The report from HMI's audit unit shows that, on the measure of five Standard grades and two Highers, schools are between 1 per cent and 3 per cent adrift of the targets. But the figures show that current progress, based on the average performance of fourth-year pupils from 1997-99, has hardly budged compared with the starting levels calculated over 1995-97.

Nearest the target of 94.1 per cent is the 93.1 per cent who have at least a Standard grade 6 in English, the one secondary exam measure almost certain to be achieved. Overall progress with Standard grade is described as "promising" but little advance is evident at Higher.

The summary tables, which name authorities but not schools, also provide information on 5-14 attainment which shows exactly the reverse of the other measures - more progress beyond starting levels but with much more ground to make up.

In primaries, 73.1 per cent are at their expected 5-14 levels for reading, four points behind the target. Pupils are also four points below the maths target of 80.6 per cent. But in writing, the subject of a separate HMI report this week, only 60.4 per cent of pupils are at the right level, seven points behind the target.
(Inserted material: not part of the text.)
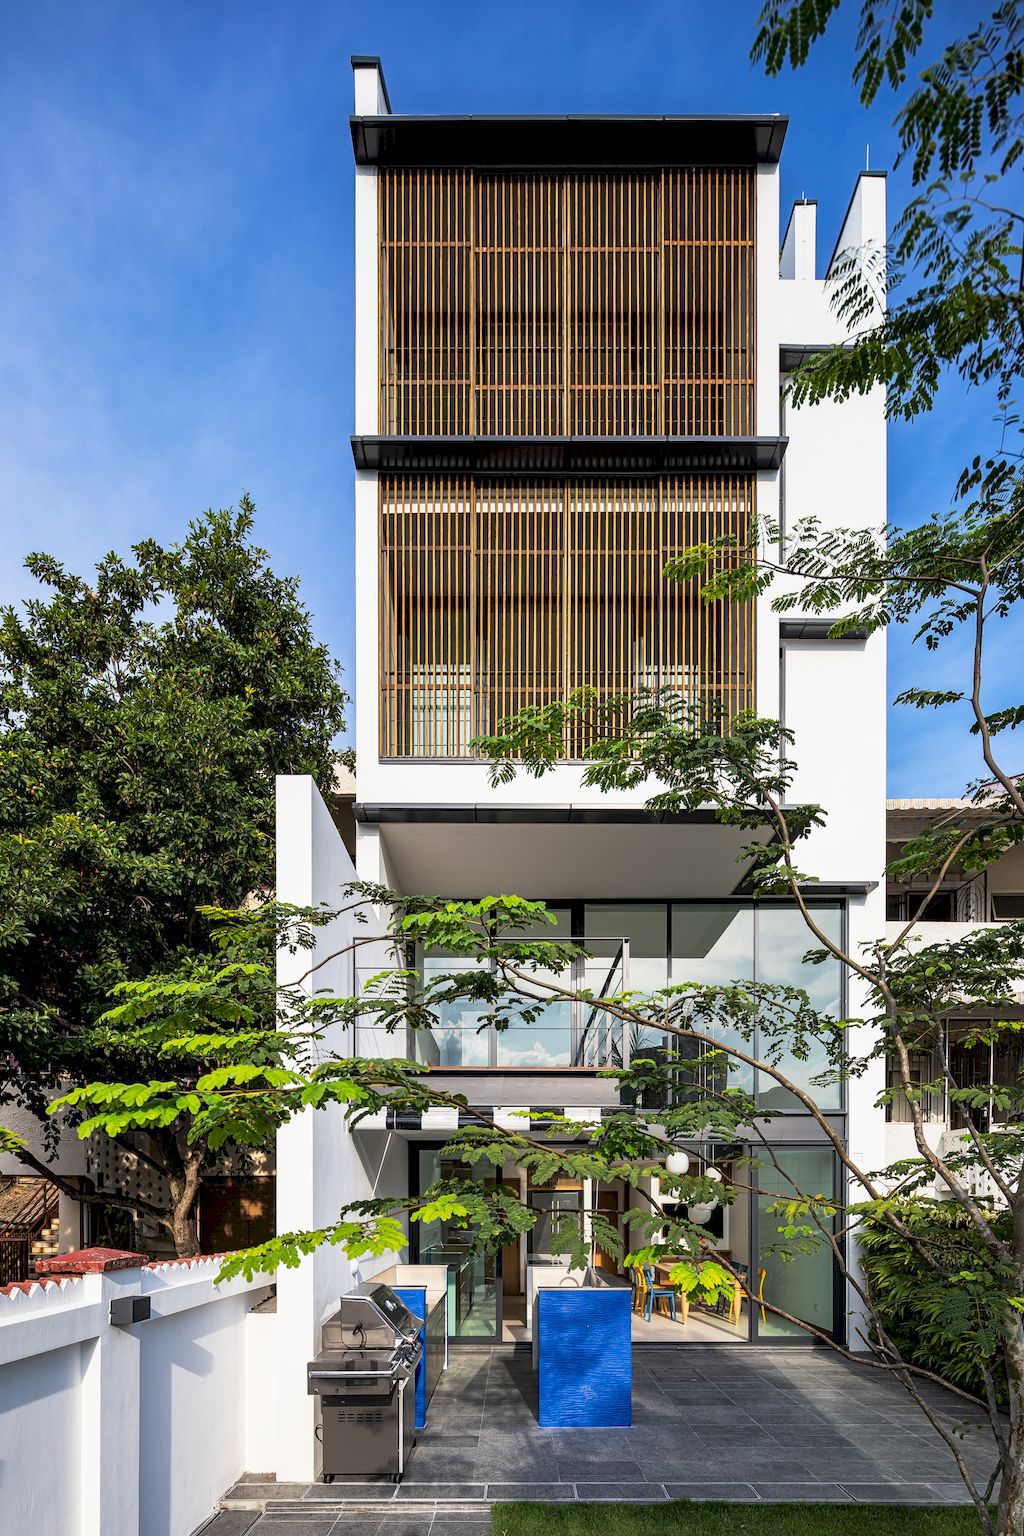 Hill-Terrace-House-Stunning-3-storey-Home-in-Singapore-by-Atelier-MA-2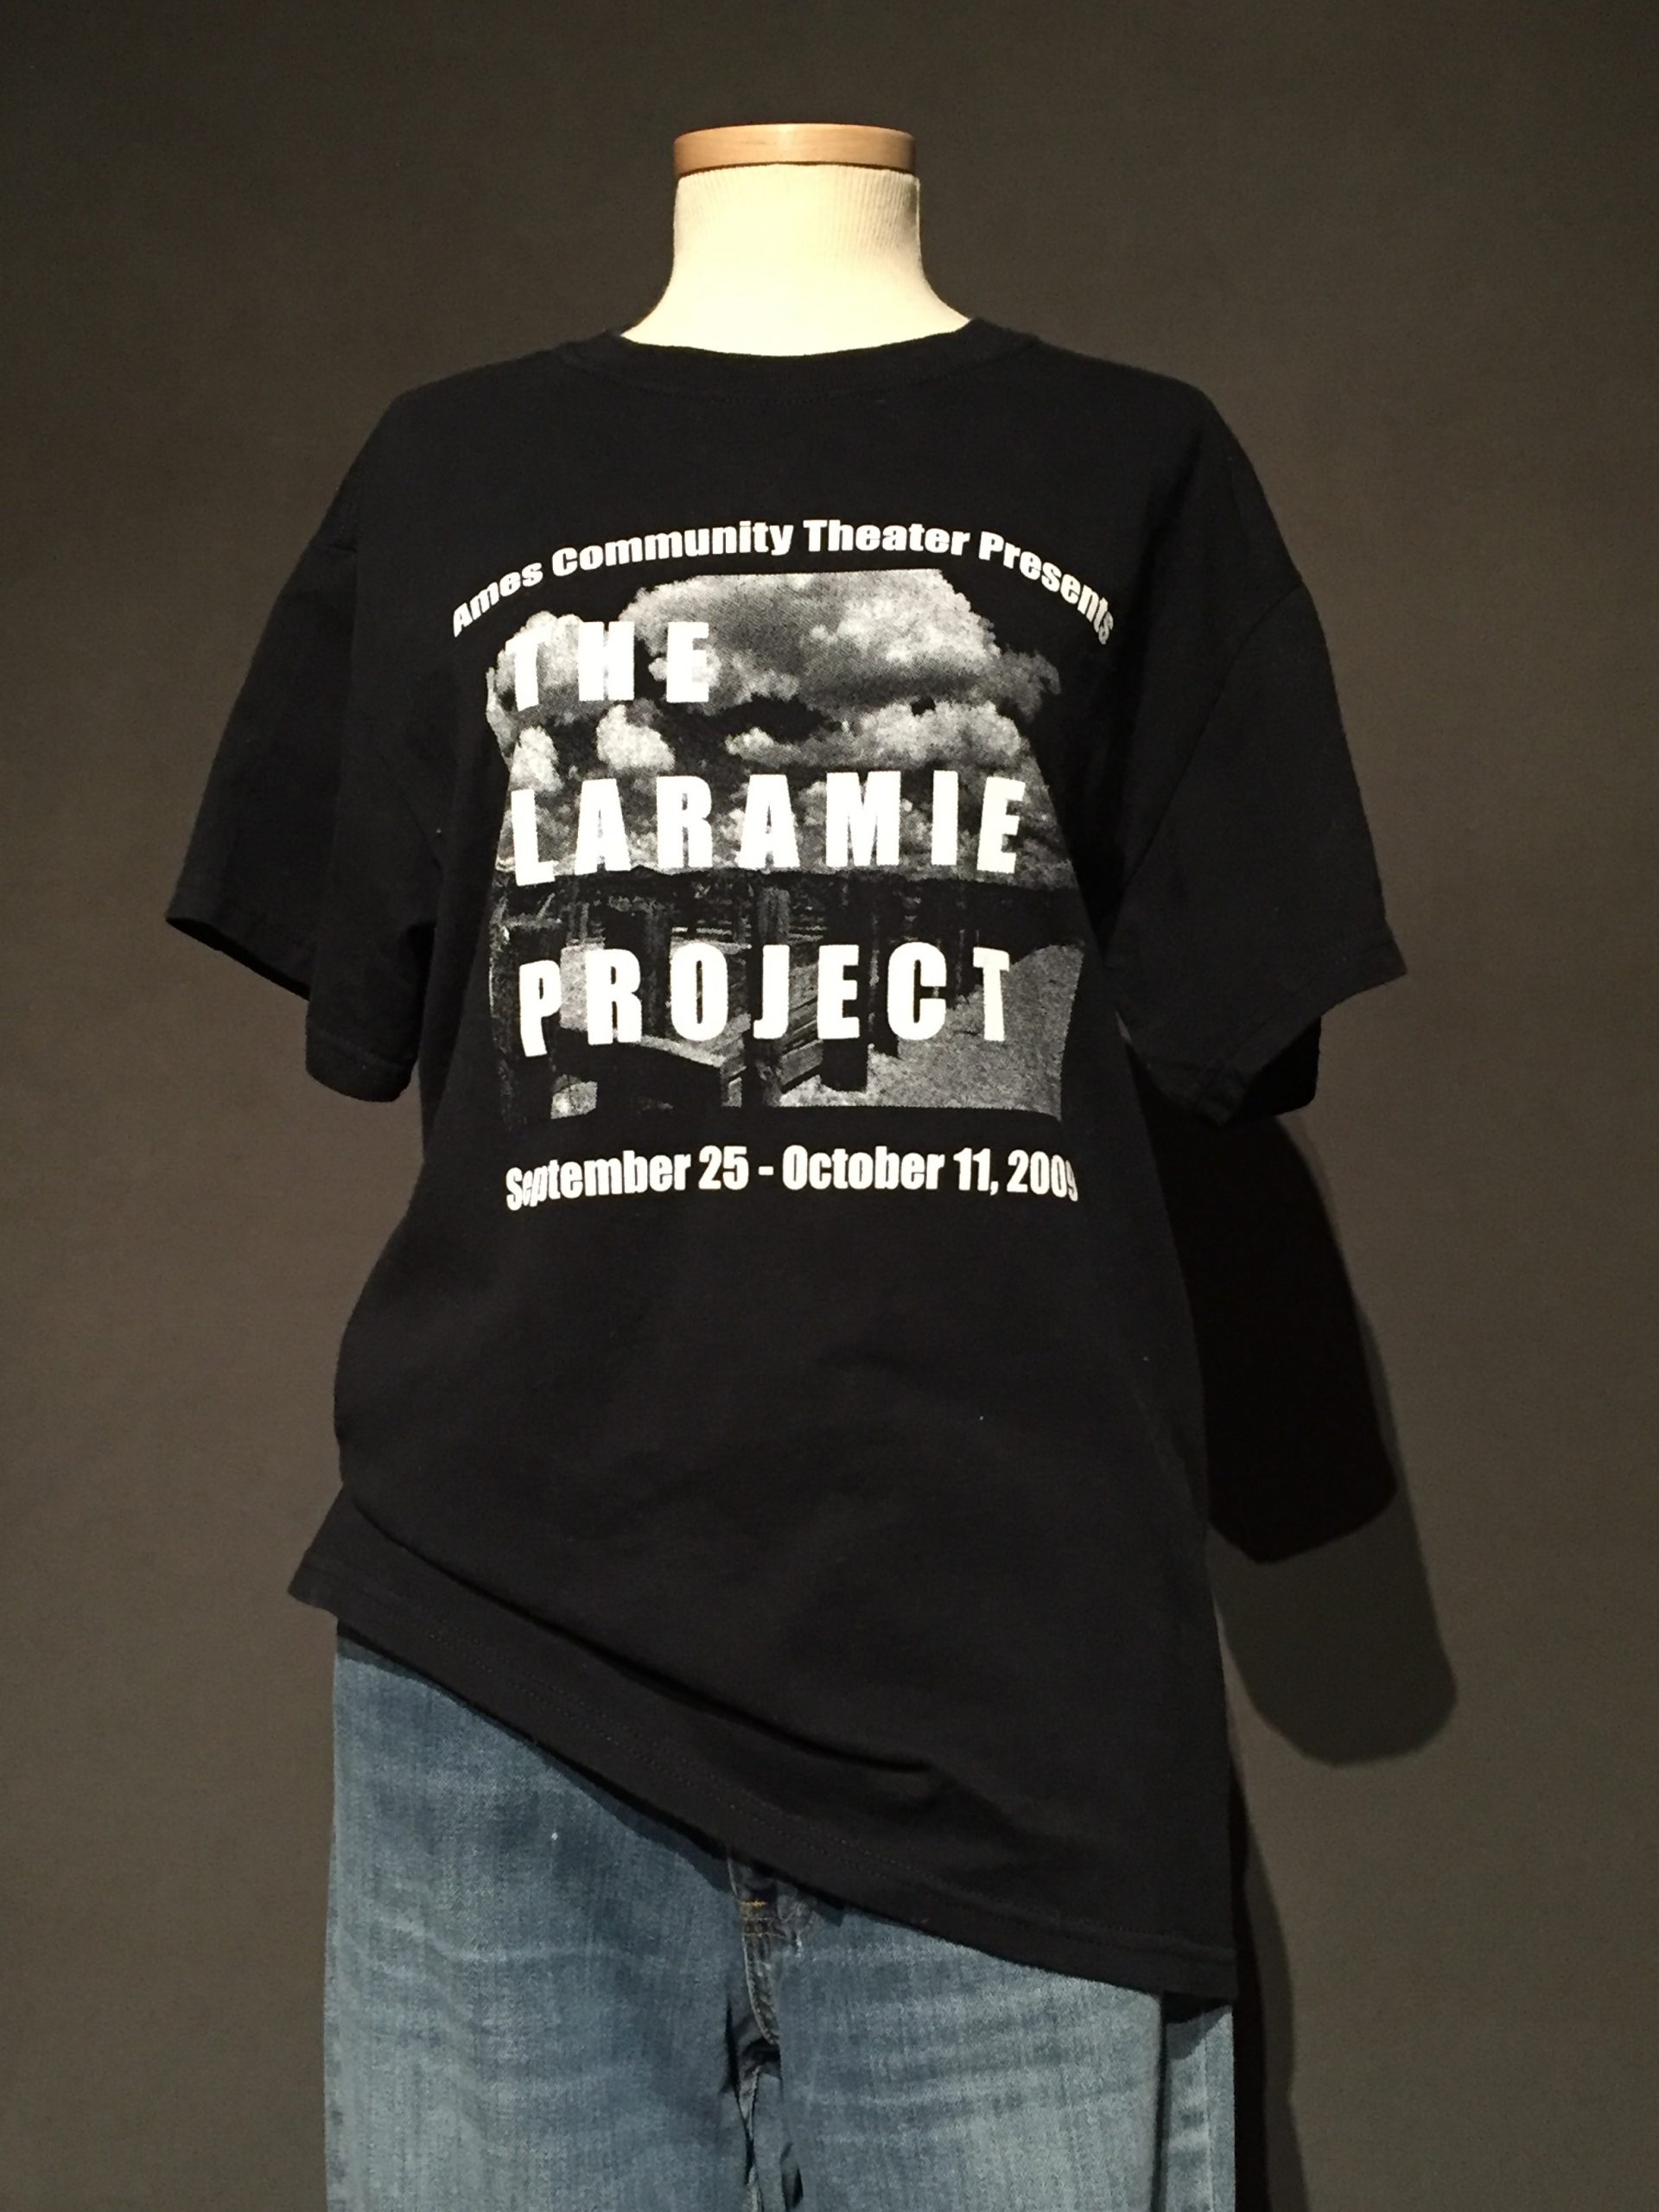 Black t-shirt with white text reading: "Ames Community Theater Presents: The Laramie Project, September 25-October 11, 2019"

Gaps in early secondary are, as expected, much more significant. The figure for pupils reaching level E in S2 is 46.2 per cent in reading (7.2 per cent below target), 39.5 per cent in writing (9 per cent below) and 43.3 per cent in maths (more than 11 per cent adrift).

The figures mean that, on present rates of improvement, only the 5-14 target in reading would be achieved in secondaries by 2001 although all three targets will be achieved in primary. HMI cautions, however, that the 5-14 results are self-reported by schools and are therefore not as "firm" as those for Standard grades and Highers.

The Inspectorate's cautious conclusion is that, since schools only had half the session to make an impact before they had to report their 5-14 results, and a year and a half for the other measures, "the rate of progress may be greater in future years".

The figures in the report are not clear-cut with Standard grade and Higher results and targets couched as three-year averages - thereby disguising any one year of notable attainment (and differing from The TES Scotland's comparisons, reported three weeks ago). The 5-14 data and targets, on the other hand, are for single years and are susceptible to year-on-year fluctuations.

HMI says the tables provide no more than "early indications of the patterns of progress". Despite the cautionary notes, however, schools are urged to continue working towards the targets already set.

Douglas Osler, the senior chief inspector, has previously taken to task education authorities which allowed some schools to lower targets for unacceptable reasons and this week's report repeats the official view that changes to targets should be the exception where, for example, schools have closed or merged.

The inspectors' report indicates none the less that the current system is unlikely to survive, describing the initial cycle of target-setting as "very much a first step". Developments in assessment, value-added indicators and HMI's own monitoring arrangements are likely to lead to changes, they state.